Available records ▸
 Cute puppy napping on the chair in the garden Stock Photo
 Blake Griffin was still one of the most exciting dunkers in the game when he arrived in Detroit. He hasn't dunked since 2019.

---

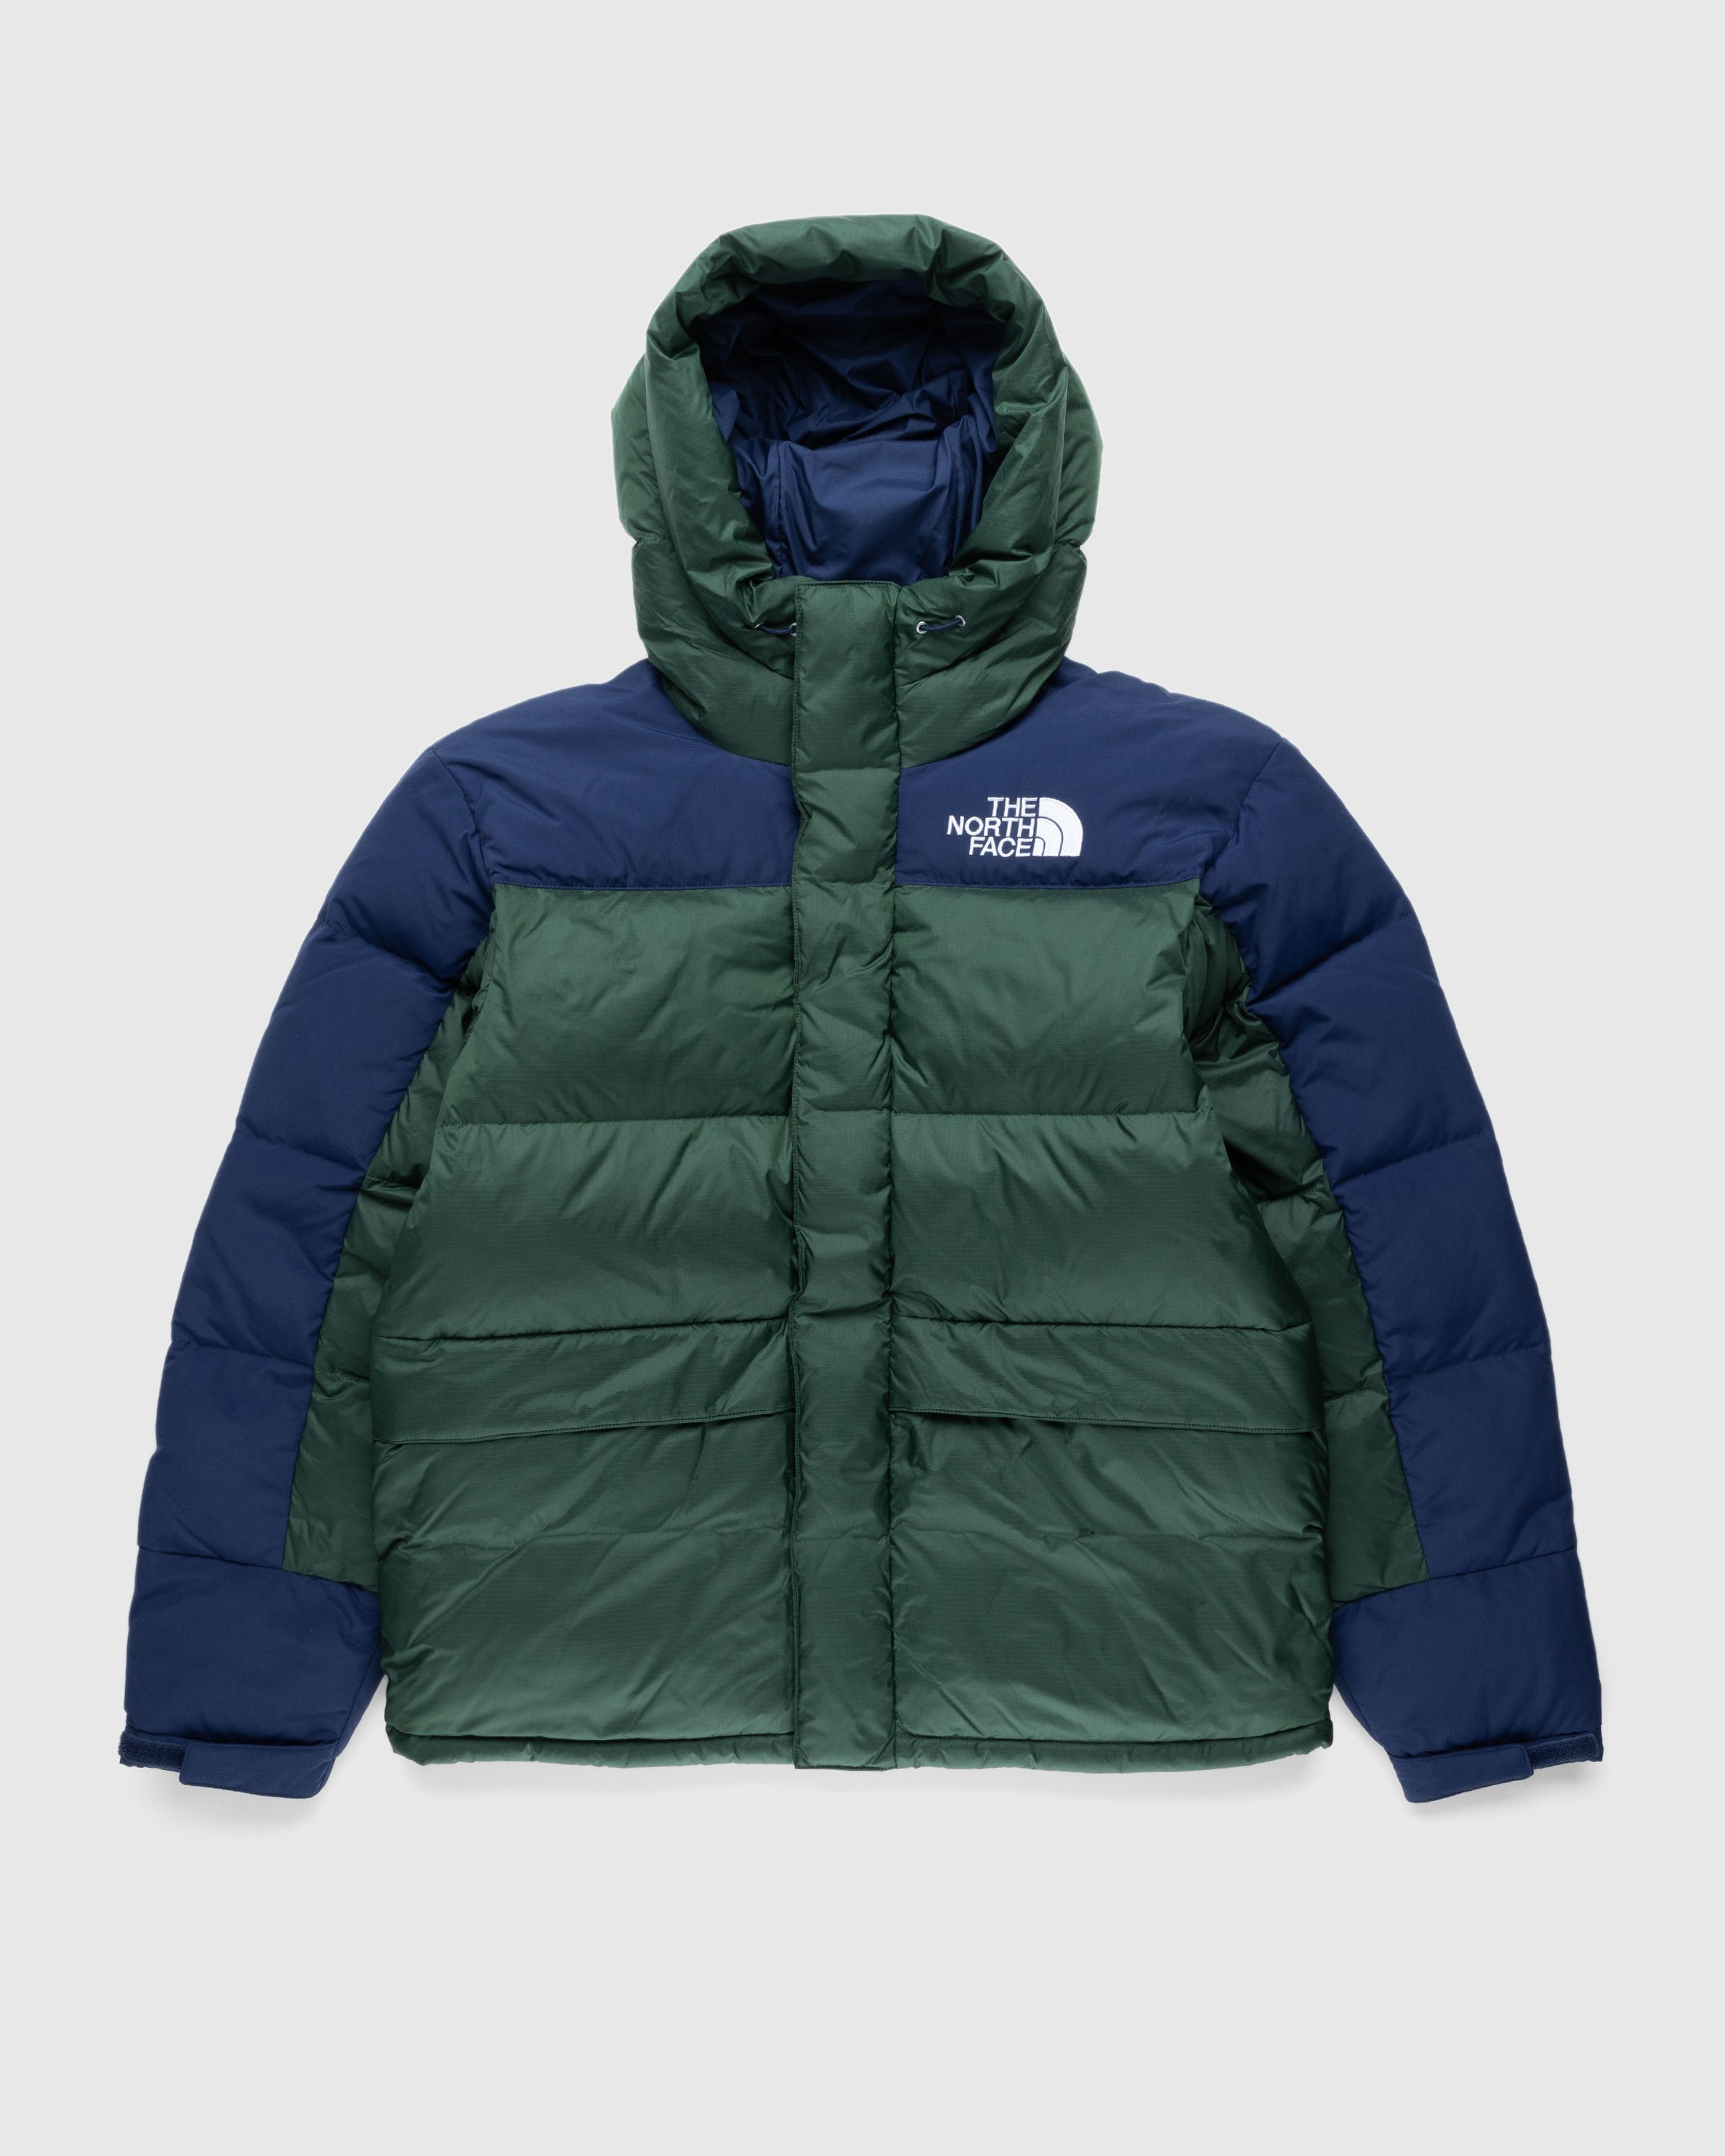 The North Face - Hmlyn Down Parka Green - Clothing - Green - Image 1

---

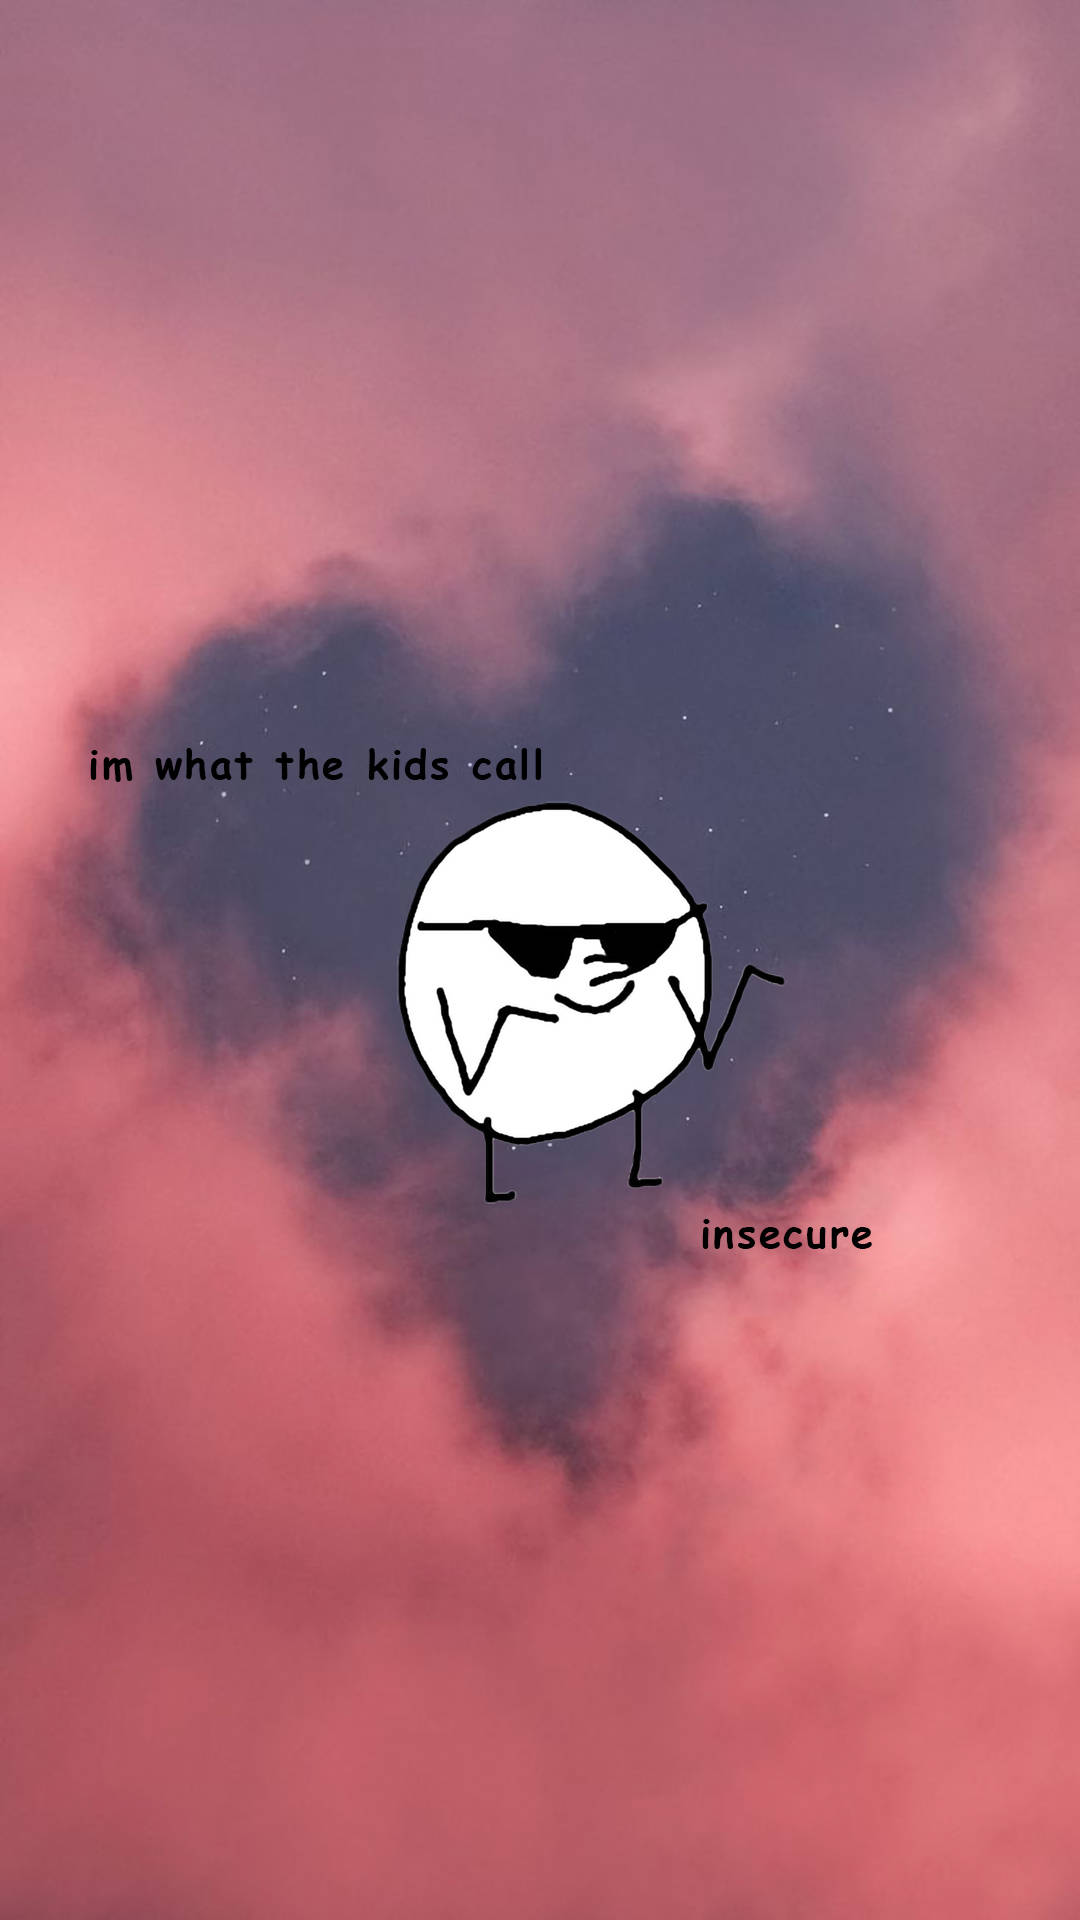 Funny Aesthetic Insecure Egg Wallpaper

Action item ▸ In the entries above, the lines from the one bearing "Cute puppy napping" up to and including the one bearing "Blake Griffin was" should be transcribed exactly; no other line is wanted.

Exercise result ▸
 Cute puppy napping on the chair in the garden Stock Photo
 Blake Griffin was still one of the most exciting dunkers in the game when he arrived in Detroit. He hasn't dunked since 2019.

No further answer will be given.